I’m getting an error when I try to run unweighted unifrac in parallel.
The environment I’m using is a c3.2xlarge (8 cpu) EC2 instance of AMI 482e6430 (QIIME 2 release 2018.6). I’ve confirmed that there are 8 processor entries in the /proc/cpu file. The following commands on a fresh AMI produced the error message.
wget https://s3.amazonaws.com/jplab/projects/hmp/hmp500.json
wget https://s3.amazonaws.com/jplab/projects/hmp/hmp500.tre
qiime tools import --input-path hmp500.json --output-path hmp500.biom --type FeatureTable[Frequency] --source-format BIOMV100Format
qiime tools import --input-path hmp500.tre --output-path hmp500.tre --type Phylogeny[Rooted] --source-format NewickFormat
qiime diversity beta-phylogenetic-alt --i-table hmp500.biom.qza --i-phylogeny hmp500.tre.qza --p-metric unweighted_unifrac --output-dir qiime_out --p-n-jobs 8
Error Message:
Plugin error from diversity:
The value of n_jobs cannot exceed the number of processors (1) available in this system.
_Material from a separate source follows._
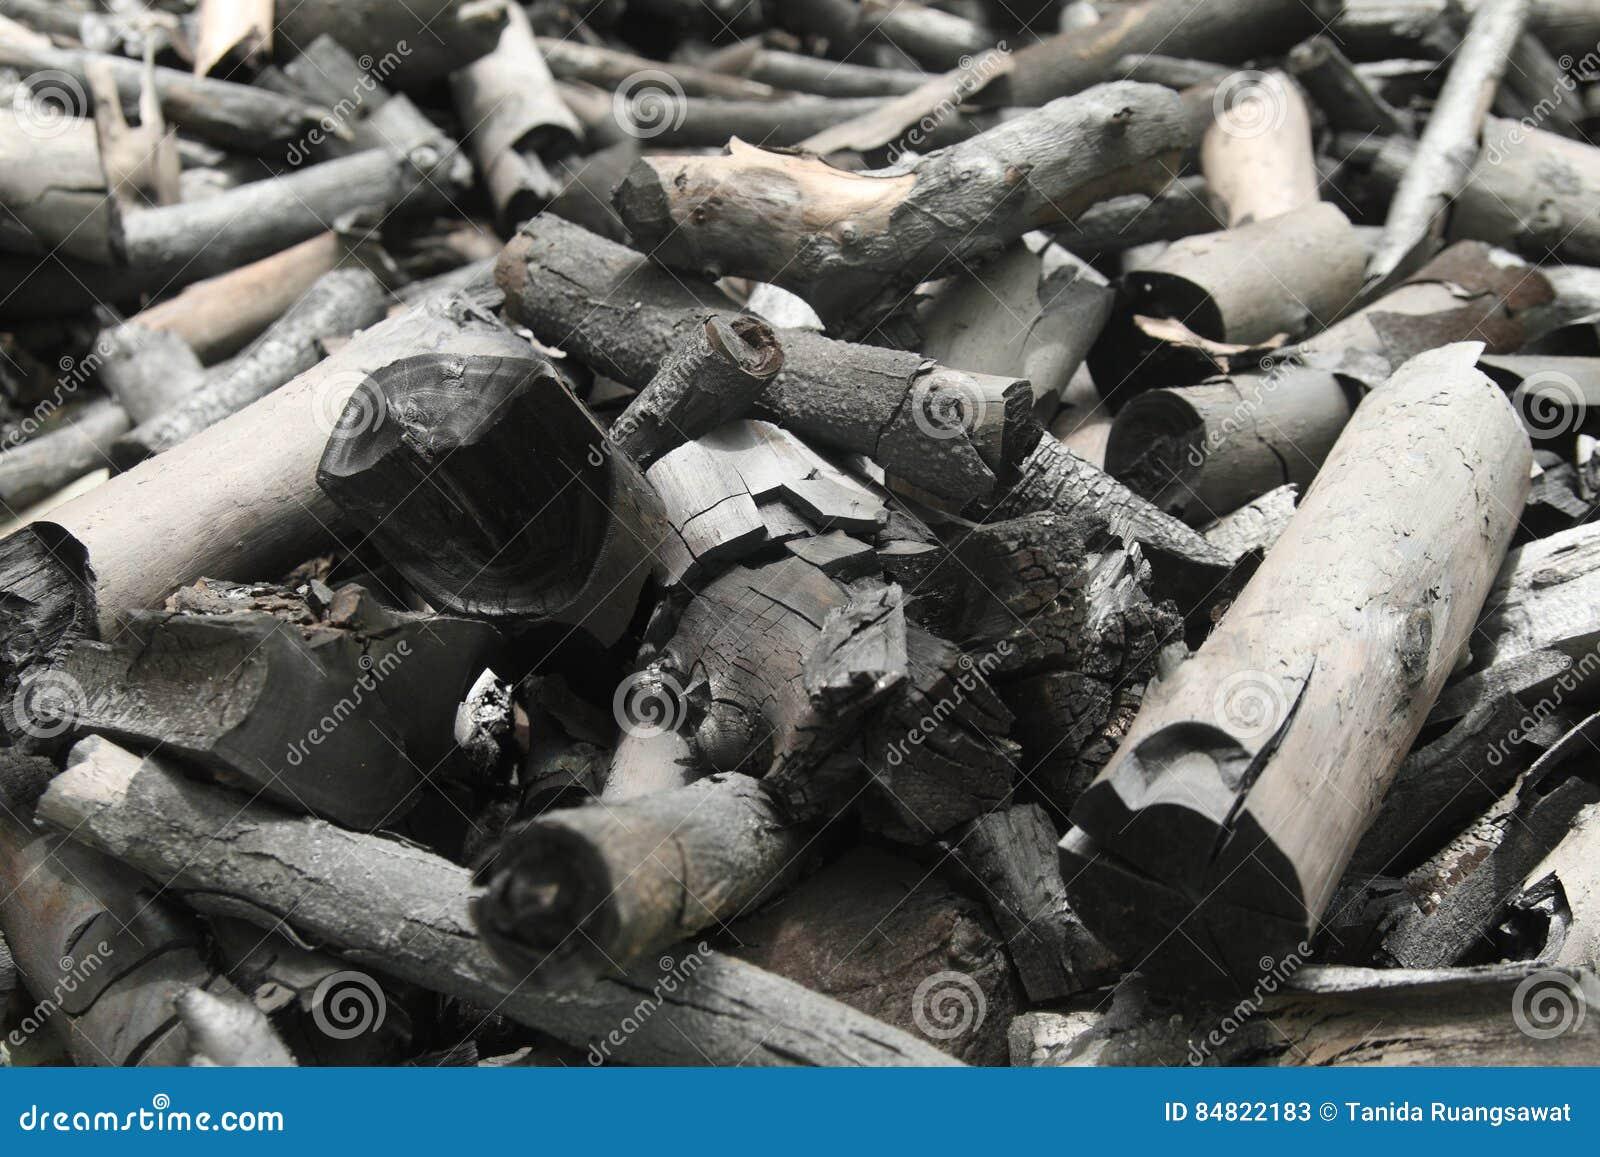 Velen zwarte houtskool maken van hout

Debug info has been saved to /tmp/qiime2-q2cli-err-exchymn0.log
Contents of /tmp/qiime2-q2cli-err-exchymn0.log
Traceback (most recent call last):
File "/home/qiime2/miniconda/envs/qiime2-2018.6/lib/python3.5/site-packages/q2cli/commands.py", line 274, in __call__
results = action(**arguments)
File "<decorator-gen-312>", line 2, in beta_phylogenetic_alt
File "/home/qiime2/miniconda/envs/qiime2-2018.6/lib/python3.5/site-packages/qiime2/sdk/action.py", line 232, in bound_callable
output_types, provenance)
File "/home/qiime2/miniconda/envs/qiime2-2018.6/lib/python3.5/site-packages/qiime2/sdk/action.py", line 367, in _callable_executor_
output_views = self._callable(**view_args)
File "/home/qiime2/miniconda/envs/qiime2-2018.6/lib/python3.5/site-packages/q2_diversity/_beta/_method.py", line 100, in beta_phylogenetic_alt
'processors (%d) available in this system.' % cpus)
ValueError: The value of n_jobs cannot exceed the number of processors (1) available in this system.
The command works if I replace beta-phylogenetic-alt
with beta-phylogenetic
and I can see it using multiple cores. However, for the larger data sets I’ll be working with, I’d much rather use the faster -alt
version if at all possible.
If you have any suggestions please let me know. Thanks!